(Source material)

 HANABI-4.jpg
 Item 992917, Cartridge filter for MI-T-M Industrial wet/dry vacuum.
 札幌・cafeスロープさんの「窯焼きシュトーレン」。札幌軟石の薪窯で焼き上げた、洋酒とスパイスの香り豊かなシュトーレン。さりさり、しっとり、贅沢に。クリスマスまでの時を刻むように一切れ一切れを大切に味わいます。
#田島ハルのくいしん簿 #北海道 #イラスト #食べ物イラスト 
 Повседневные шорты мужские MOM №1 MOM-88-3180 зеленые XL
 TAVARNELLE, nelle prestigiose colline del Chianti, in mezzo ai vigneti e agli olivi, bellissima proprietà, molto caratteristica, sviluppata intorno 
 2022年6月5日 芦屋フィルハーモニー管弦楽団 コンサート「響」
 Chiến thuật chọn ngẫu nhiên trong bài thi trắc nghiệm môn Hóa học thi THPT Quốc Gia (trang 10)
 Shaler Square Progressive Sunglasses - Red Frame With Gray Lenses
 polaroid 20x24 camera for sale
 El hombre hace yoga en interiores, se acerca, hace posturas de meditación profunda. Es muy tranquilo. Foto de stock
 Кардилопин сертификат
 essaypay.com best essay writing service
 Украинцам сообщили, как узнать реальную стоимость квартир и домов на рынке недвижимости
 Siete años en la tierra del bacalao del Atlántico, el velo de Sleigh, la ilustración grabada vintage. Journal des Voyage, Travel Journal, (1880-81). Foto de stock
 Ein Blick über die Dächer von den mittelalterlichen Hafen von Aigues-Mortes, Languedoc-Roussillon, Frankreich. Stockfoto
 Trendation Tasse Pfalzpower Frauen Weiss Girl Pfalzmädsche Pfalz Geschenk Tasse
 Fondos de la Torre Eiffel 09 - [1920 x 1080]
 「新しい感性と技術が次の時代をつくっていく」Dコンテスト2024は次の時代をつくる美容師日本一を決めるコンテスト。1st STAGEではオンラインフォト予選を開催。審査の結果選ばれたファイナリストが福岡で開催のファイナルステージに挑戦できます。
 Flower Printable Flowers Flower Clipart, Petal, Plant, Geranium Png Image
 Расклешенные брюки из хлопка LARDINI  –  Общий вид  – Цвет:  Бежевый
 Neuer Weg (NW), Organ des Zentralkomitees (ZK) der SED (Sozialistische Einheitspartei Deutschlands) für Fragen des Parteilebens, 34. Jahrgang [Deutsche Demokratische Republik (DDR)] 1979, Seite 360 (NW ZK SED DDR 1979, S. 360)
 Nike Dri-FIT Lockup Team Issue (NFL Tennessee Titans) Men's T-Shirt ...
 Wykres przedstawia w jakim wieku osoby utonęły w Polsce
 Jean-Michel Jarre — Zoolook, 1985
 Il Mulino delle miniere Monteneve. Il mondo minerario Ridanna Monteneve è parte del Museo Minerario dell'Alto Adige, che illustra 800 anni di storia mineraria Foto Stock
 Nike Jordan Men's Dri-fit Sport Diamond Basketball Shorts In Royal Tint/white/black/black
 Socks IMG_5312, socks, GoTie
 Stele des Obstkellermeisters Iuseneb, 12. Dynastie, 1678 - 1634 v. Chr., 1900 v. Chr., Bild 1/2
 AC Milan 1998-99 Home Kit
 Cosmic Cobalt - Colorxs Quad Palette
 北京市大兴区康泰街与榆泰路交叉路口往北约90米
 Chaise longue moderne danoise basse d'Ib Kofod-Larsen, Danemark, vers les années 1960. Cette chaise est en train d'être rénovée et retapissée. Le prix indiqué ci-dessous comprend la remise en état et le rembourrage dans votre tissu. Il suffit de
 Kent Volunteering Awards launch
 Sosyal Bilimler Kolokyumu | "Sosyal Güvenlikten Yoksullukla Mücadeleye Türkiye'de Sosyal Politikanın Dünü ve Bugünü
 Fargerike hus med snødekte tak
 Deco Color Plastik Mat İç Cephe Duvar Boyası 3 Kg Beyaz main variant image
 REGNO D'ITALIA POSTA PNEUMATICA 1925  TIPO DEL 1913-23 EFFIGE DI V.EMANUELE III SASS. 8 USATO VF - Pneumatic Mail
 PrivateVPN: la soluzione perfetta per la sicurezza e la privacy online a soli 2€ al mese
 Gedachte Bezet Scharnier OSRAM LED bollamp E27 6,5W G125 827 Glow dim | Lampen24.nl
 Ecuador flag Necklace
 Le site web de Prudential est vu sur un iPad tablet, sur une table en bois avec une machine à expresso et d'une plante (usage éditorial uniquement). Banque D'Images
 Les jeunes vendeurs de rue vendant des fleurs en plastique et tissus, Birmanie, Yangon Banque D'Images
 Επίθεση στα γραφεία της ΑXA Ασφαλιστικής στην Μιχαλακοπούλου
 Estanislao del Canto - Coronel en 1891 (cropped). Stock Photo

(End Source material)

Write the entries out once more, exactly as they appear.

 HANABI-4.jpg
 Item 992917, Cartridge filter for MI-T-M Industrial wet/dry vacuum.
 札幌・cafeスロープさんの「窯焼きシュトーレン」。札幌軟石の薪窯で焼き上げた、洋酒とスパイスの香り豊かなシュトーレン。さりさり、しっとり、贅沢に。クリスマスまでの時を刻むように一切れ一切れを大切に味わいます。
#田島ハルのくいしん簿 #北海道 #イラスト #食べ物イラスト 
 Повседневные шорты мужские MOM №1 MOM-88-3180 зеленые XL
 TAVARNELLE, nelle prestigiose colline del Chianti, in mezzo ai vigneti e agli olivi, bellissima proprietà, molto caratteristica, sviluppata intorno 
 2022年6月5日 芦屋フィルハーモニー管弦楽団 コンサート「響」
 Chiến thuật chọn ngẫu nhiên trong bài thi trắc nghiệm môn Hóa học thi THPT Quốc Gia (trang 10)
 Shaler Square Progressive Sunglasses - Red Frame With Gray Lenses
 polaroid 20x24 camera for sale
 El hombre hace yoga en interiores, se acerca, hace posturas de meditación profunda. Es muy tranquilo. Foto de stock
 Кардилопин сертификат
 essaypay.com best essay writing service
 Украинцам сообщили, как узнать реальную стоимость квартир и домов на рынке недвижимости
 Siete años en la tierra del bacalao del Atlántico, el velo de Sleigh, la ilustración grabada vintage. Journal des Voyage, Travel Journal, (1880-81). Foto de stock
 Ein Blick über die Dächer von den mittelalterlichen Hafen von Aigues-Mortes, Languedoc-Roussillon, Frankreich. Stockfoto
 Trendation Tasse Pfalzpower Frauen Weiss Girl Pfalzmädsche Pfalz Geschenk Tasse
 Fondos de la Torre Eiffel 09 - [1920 x 1080]
 「新しい感性と技術が次の時代をつくっていく」Dコンテスト2024は次の時代をつくる美容師日本一を決めるコンテスト。1st STAGEではオンラインフォト予選を開催。審査の結果選ばれたファイナリストが福岡で開催のファイナルステージに挑戦できます。
 Flower Printable Flowers Flower Clipart, Petal, Plant, Geranium Png Image
 Расклешенные брюки из хлопка LARDINI  –  Общий вид  – Цвет:  Бежевый
 Neuer Weg (NW), Organ des Zentralkomitees (ZK) der SED (Sozialistische Einheitspartei Deutschlands) für Fragen des Parteilebens, 34. Jahrgang [Deutsche Demokratische Republik (DDR)] 1979, Seite 360 (NW ZK SED DDR 1979, S. 360)
 Nike Dri-FIT Lockup Team Issue (NFL Tennessee Titans) Men's T-Shirt ...
 Wykres przedstawia w jakim wieku osoby utonęły w Polsce
 Jean-Michel Jarre — Zoolook, 1985
 Il Mulino delle miniere Monteneve. Il mondo minerario Ridanna Monteneve è parte del Museo Minerario dell'Alto Adige, che illustra 800 anni di storia mineraria Foto Stock
 Nike Jordan Men's Dri-fit Sport Diamond Basketball Shorts In Royal Tint/white/black/black
 Socks IMG_5312, socks, GoTie
 Stele des Obstkellermeisters Iuseneb, 12. Dynastie, 1678 - 1634 v. Chr., 1900 v. Chr., Bild 1/2
 AC Milan 1998-99 Home Kit
 Cosmic Cobalt - Colorxs Quad Palette
 北京市大兴区康泰街与榆泰路交叉路口往北约90米
 Chaise longue moderne danoise basse d'Ib Kofod-Larsen, Danemark, vers les années 1960. Cette chaise est en train d'être rénovée et retapissée. Le prix indiqué ci-dessous comprend la remise en état et le rembourrage dans votre tissu. Il suffit de
 Kent Volunteering Awards launch
 Sosyal Bilimler Kolokyumu | "Sosyal Güvenlikten Yoksullukla Mücadeleye Türkiye'de Sosyal Politikanın Dünü ve Bugünü
 Fargerike hus med snødekte tak
 Deco Color Plastik Mat İç Cephe Duvar Boyası 3 Kg Beyaz main variant image
 REGNO D'ITALIA POSTA PNEUMATICA 1925  TIPO DEL 1913-23 EFFIGE DI V.EMANUELE III SASS. 8 USATO VF - Pneumatic Mail
 PrivateVPN: la soluzione perfetta per la sicurezza e la privacy online a soli 2€ al mese
 Gedachte Bezet Scharnier OSRAM LED bollamp E27 6,5W G125 827 Glow dim | Lampen24.nl
 Ecuador flag Necklace
 Le site web de Prudential est vu sur un iPad tablet, sur une table en bois avec une machine à expresso et d'une plante (usage éditorial uniquement). Banque D'Images
 Les jeunes vendeurs de rue vendant des fleurs en plastique et tissus, Birmanie, Yangon Banque D'Images
 Επίθεση στα γραφεία της ΑXA Ασφαλιστικής στην Μιχαλακοπούλου
 Estanislao del Canto - Coronel en 1891 (cropped). Stock Photo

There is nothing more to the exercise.